P158 Self-Reported STD Screening and Positivity Among Sexually Active HIV-Infected MSM in HIV Clinics

Wednesday, March 14, 2012
Hyatt Exhibit Hall
Victoria Beltran, MPH, CHES, Guoyu Tao, PhD, Karen W. Hoover, MD, MPH and Charlotte Kent, PhD, Division of STD Prevention/Health Services Research and Evaluation Branch, CDC, Atlanta, GA

Background:  HIV-infected MSM are at greater risk of acquiring STDs, and if infected with a STD, transmitting HIV and STDs to partners. National guidelines recommend annual asymptomatic STD screening of sexually active HIV-infected persons.

Objectives:  To estimate the frequency of HIV-infected MSM who reported high risk behaviors that were tested for STDs.

Methods:  Data were analyzed from a survey of sexually active HIV-infected MSM receiving medical care in eight HIV clinics in six U.S. cities in 2007. We estimated the testing rates of self-reported chlamydia, gonorrhea, and syphilis, and the positivity rates among those who reported that they were tested, by risk behaviors during the year prior to the survey.

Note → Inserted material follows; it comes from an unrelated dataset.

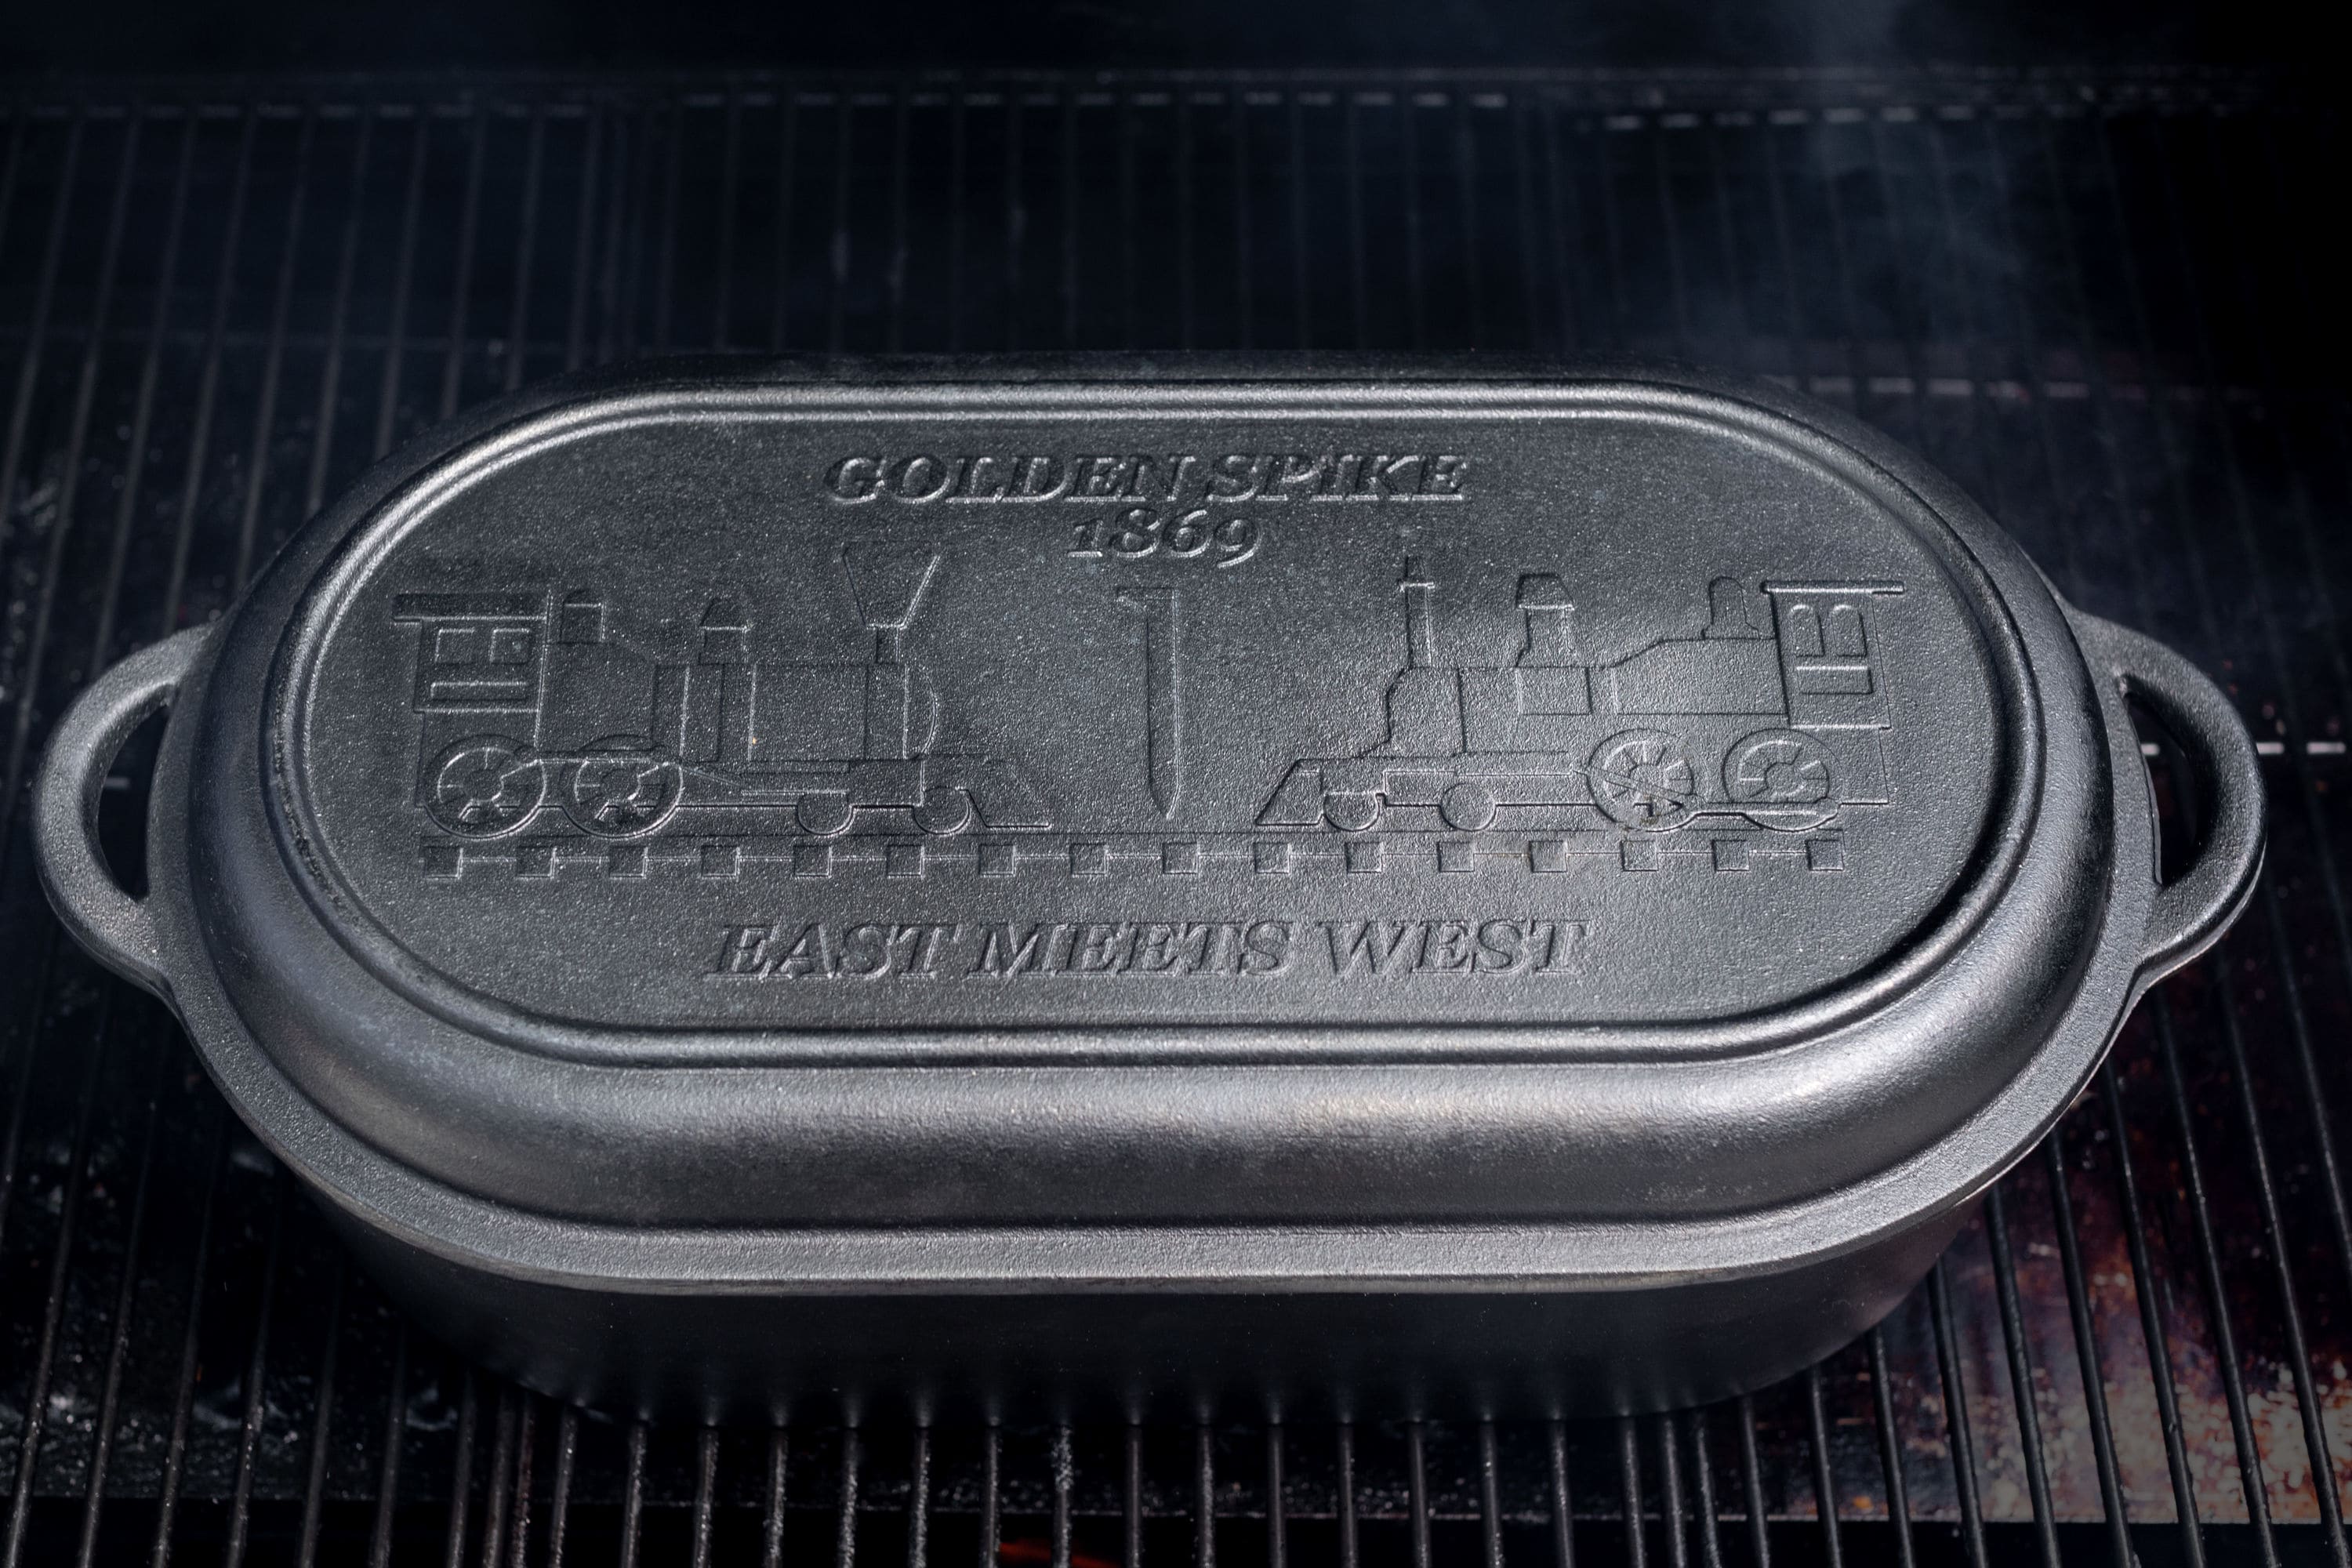 Pit Boss Cast Iron Roaster Review

Results:  Among 505 patients, 80.6% reported having more than one sex partner, 58.6% having clinicians who provided risk counseling, and 25% having not using a condom during the most recent receptive anal sex encounter in the past year. Of those 505 patients, 42% reported that they were tested for chlamydia and gonorrhea, and 52.7% for syphilis. Among those tested, 7.7% reported that they had been diagnosed with chlamydia or gonorrhea, and 8.9% with syphilis. After adjusting for independent variables such as demographic variables and symptom status, our logistic regressions found that patients were significantly more likely to be tested for chlamydia and gonorrhea if they had more than one sex partner, did not use condoms during their last receptive anal sex encounter, and had clinicians who provided risk counseling in the past year. 

Conclusions:  With a high proportion of men  reporting STDs and suboptimal testing rates for these STDs, our findings suggests that providers need to better adhere to national guidelines that recommend annual STD screening of HIV-infected MSM.

Implications for Programs, Policy, and Research:  Comprehensive HIV and STD prevention interventions targeting HIV-infected MSM should also include strategies to reduce high risk behaviors.